West Bend’s Charity Week will help fund a 9/11 memorial in nearby Kewaskum
By Grace Peplinski, Current Staff
The rumors were floating around school: Was West Bend really inviting Kewaskum to its charity dance? And was it because of low turnout in the past?
It’s true that attendance for the charity dance is significantly lower than that of homecoming, but according to Randy Reysen, a social studies teacher at West Bend West High, that was not the reason behind the decision to invite Kewaskum High School students to the charity dance this year. The motive was instead a charitable one.
The annual WBHS Charity Week is devoted to helping people throughout the local community by sponsoring a different charity every day.

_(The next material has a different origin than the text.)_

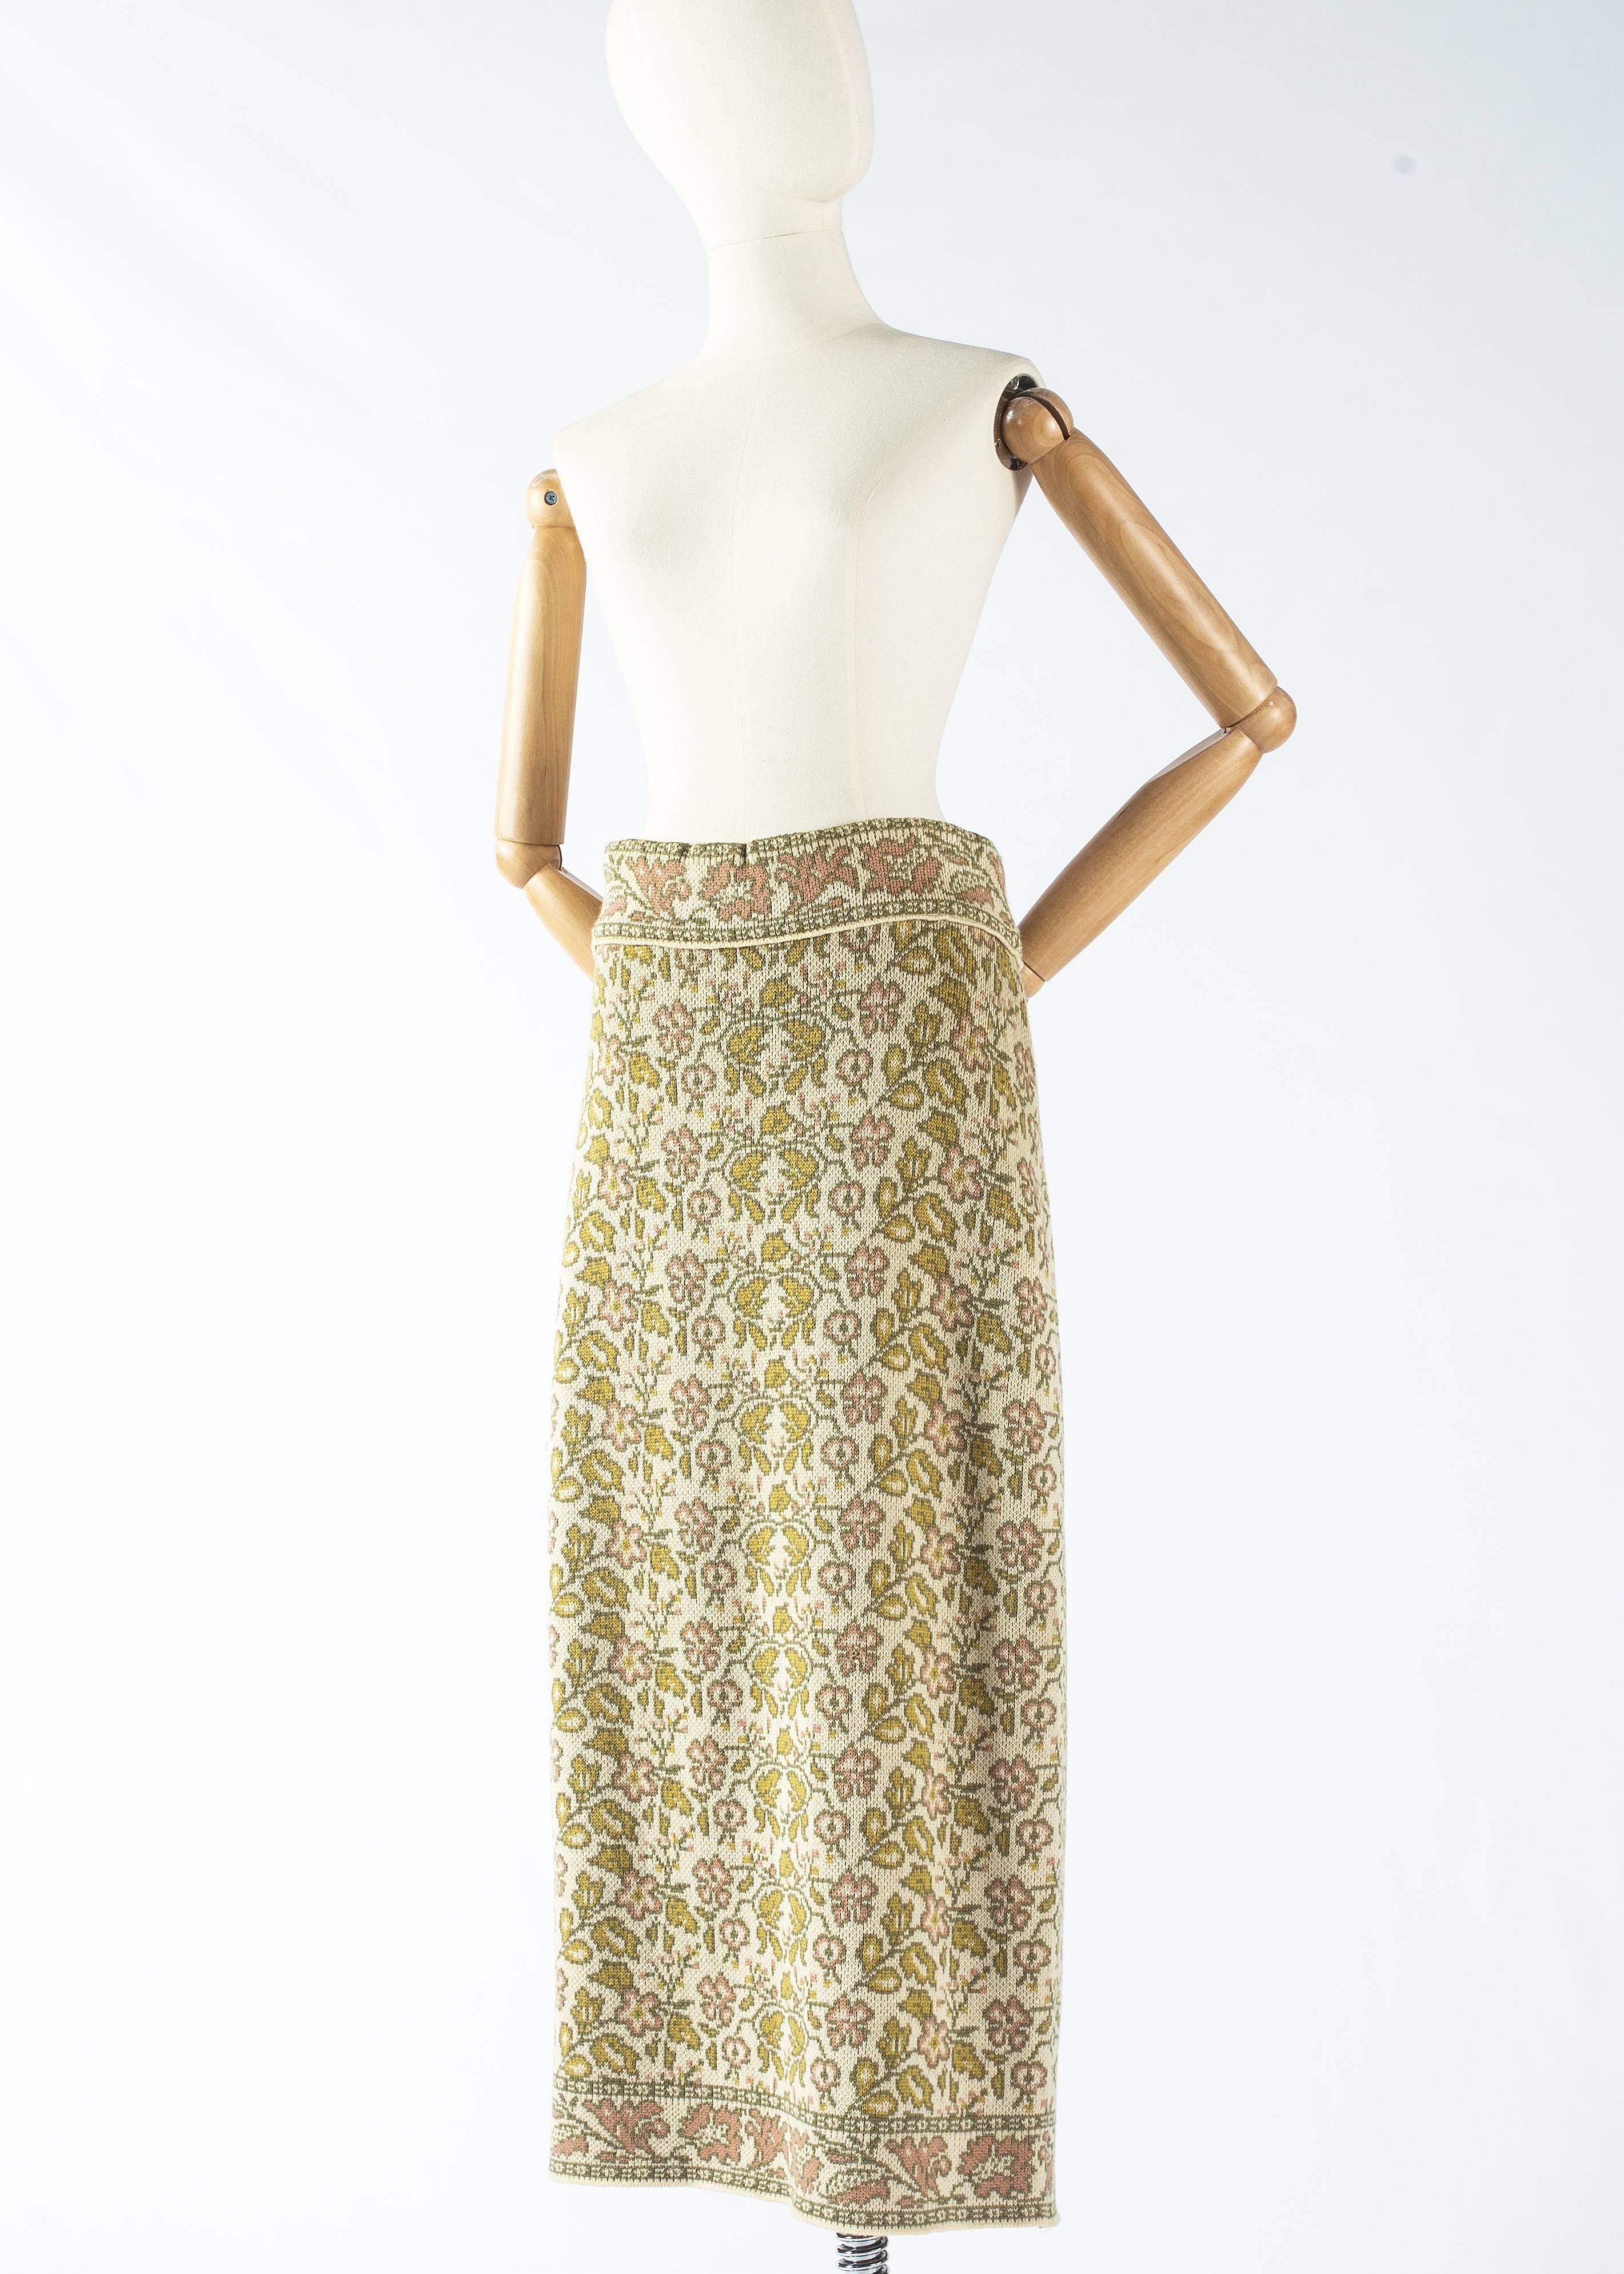 Gray Jean Paul Gaultier floral tapestry cable-knit sweater and skirt, aw 1984

Charity Week this year will take place March 11-15, with the dance on March 16.
But what makes this year special is the charity for Friday and Saturday’s dance—all the funds are going toward a 9/11 memorial to be built in Kewaskum.
“In 1994, I graduated (from Kewaskum High School) with Andrea Haberman,” Reysen said. “Andrea then got a job in the financial district of Chicago that would take her to the Twin Towers. She was at the Twin Towers on September 11, 2001. She died in the attack.”
A teacher from Kewaskum High School and Andrea’s parents were able to obtain a piece of a beam from the 9/11 ruins. It has been moved from place to place in Kewaskum as a memorial. Now, the community is coming together to raise money for an open air classroom that will also serve as a memorial to all those who died in the attack.
“(It would be) not just a Kewaskum memorial, but a Washington County memorial,” Reysen said. “And we’d create it so that it’s an open air classroom, a destination for people to go, and to reflect on what happened, maybe to reflect on loved ones lost, to reflect on the impact that that day has had on our country. Washington County’s invited, just bring your kids in on a bus, you could have a speaker. There’s going to be this small, open air amphitheater where you can lecture and do talks in the midst of this memorial.”
Because Reysen is a leader of the WBHS student council, a former classmate of Andrea and a teacher hoping to inspire students to honor those that died during the tragedy of 9/11, inviting Kewaskum to this year’s charity dance was all the more meaningful to him.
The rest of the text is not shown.